IV. Questions en litige et norme de contrôle applicable
[19] La présente affaire soulève les questions et sous-questions suivantes :
-
La décision était-elle raisonnable?
-
L’agent a-t-il commis une erreur dans son appréciation de l’intérêt supérieur des enfants?
-
L’agent a-t-il commis une erreur dans son analyse de l’établissement de la demanderesse?
-
L’agent a-t-il commis une erreur dans son analyse des difficultés auxquelles la demanderesse serait exposée?
-
La décision était-elle équitable sur le plan procédural?
[20] Comme je suis d’avis que l’agent a commis une erreur dans son analyse de l’établissement de la demanderesse, il n’est pas nécessaire d’examiner les autres questions.

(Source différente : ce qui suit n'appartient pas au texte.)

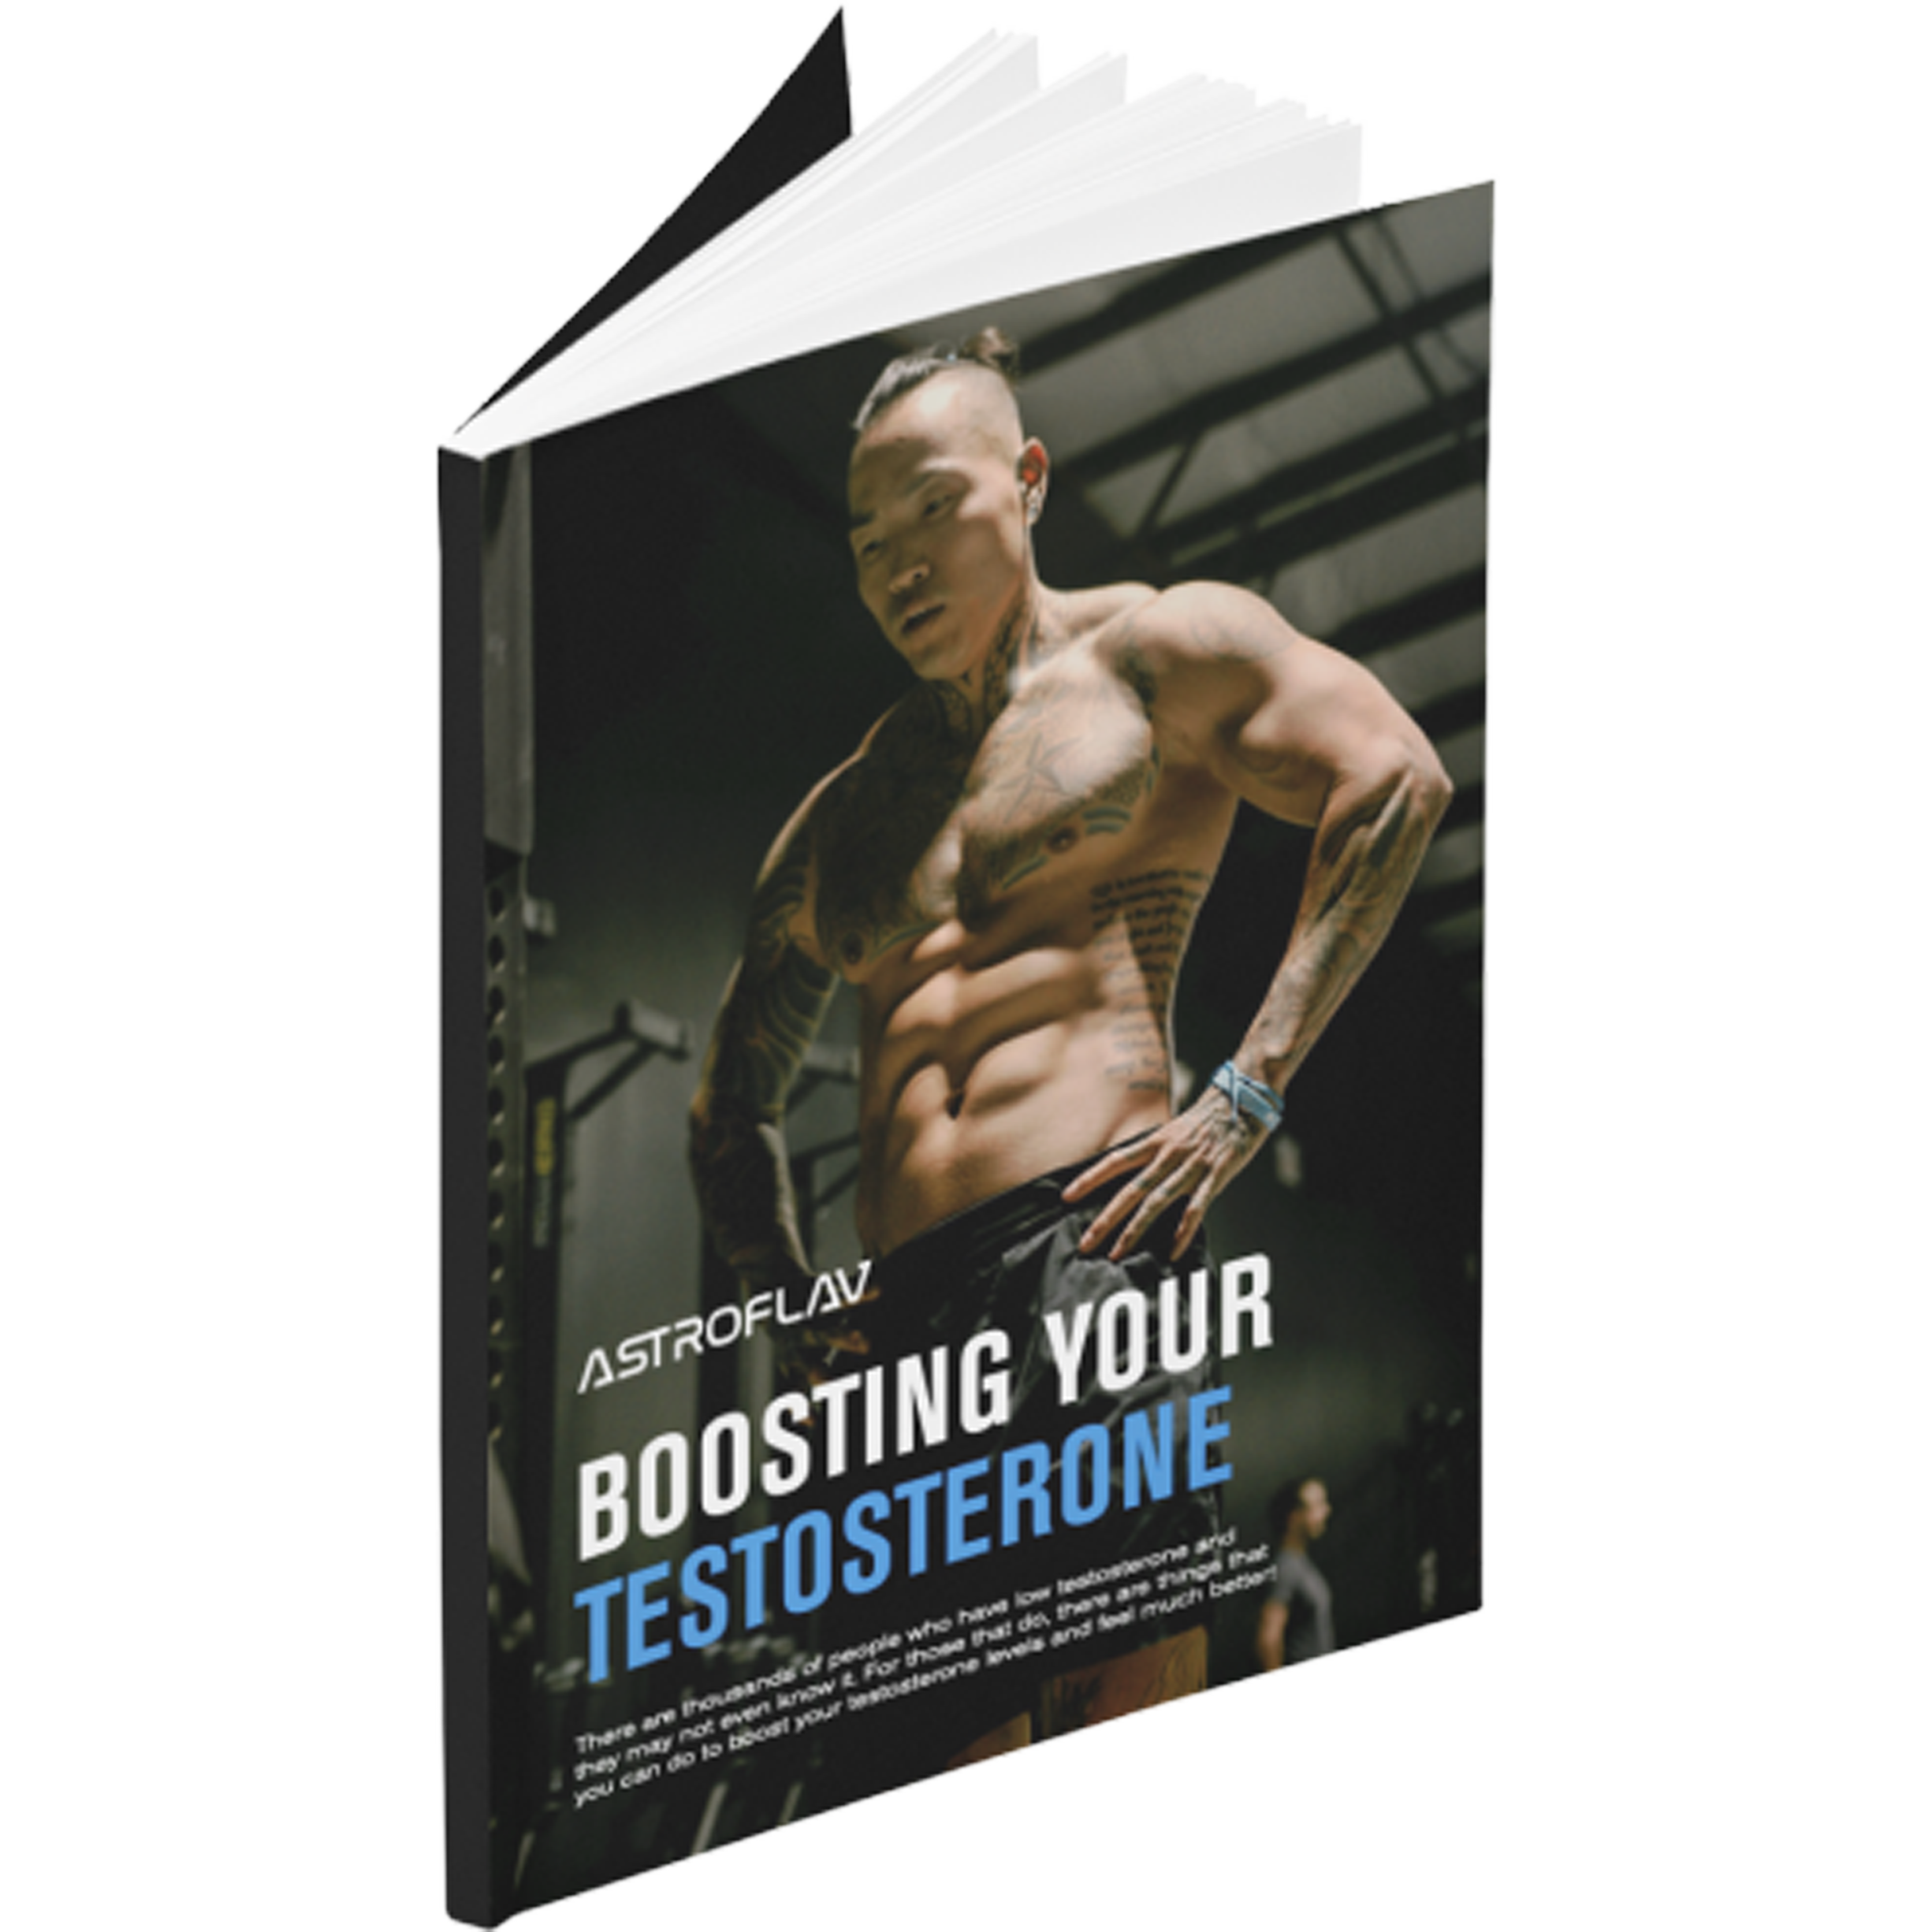 Boosting Your Testosterone Playbook

[21] Les parties conviennent que la norme de contrôle qui s’applique à cette question est celle de la décision raisonnable (Canada (Ministre de la Citoyenneté et de l’Immigration) c Vavilov, 2019 CSC 65 [Vavilov]). Je suis du même avis. En l’espèce, aucune des exceptions énoncées par la Cour suprême du Canada dans l’arrêt Vavilov ne s’applique; par conséquent, la présomption d’application de la norme de la décision raisonnable n’est pas réfutée (aux para 16-17).
V. Analyse du degré d’établissement
(1) Position de la demanderesse
[22] L’agent a commis une erreur en n’accordant de poids favorable à aucun des facteurs d’établissement de la demanderesse, choisissant de se concentrer uniquement sur le fait qu’elle n’avait pas de statut d’immigration. Plus précisément, l’agent n’a pas tenu compte des facteurs d’établissement favorables reconnus dans les lignes directrices du gouvernement du Canada intitulées « Évaluation des considérations d’ordre humanitaire : Établissement au Canada » (3 février 2017) :
-
a)la demanderesse vit au Canada depuis plus de 14 ans;
-
b)elle a présenté de nombreuses demandes aux autorités en matière d’immigration dans le but de régulariser son statut;
-
c)elle a travaillé pour subvenir à ses besoins durant toute la période où elle a vécu au Canada;
-
d)elle est pleinement intégrée dans sa communauté au Canada;
-
e)elle n’a pas de casier judiciaire.
[23] L’agent n’a accordé de poids favorable à aucun de ces facteurs. Il a plutôt estimé qu’ils constituaient [traduction] « une attente »
ou qu’ils n’étaient « pas inhabituels »
. Puisque l’établissement s’est constitué durant une période de non-conformité, l’agent n’y a accordé aucun poids favorable.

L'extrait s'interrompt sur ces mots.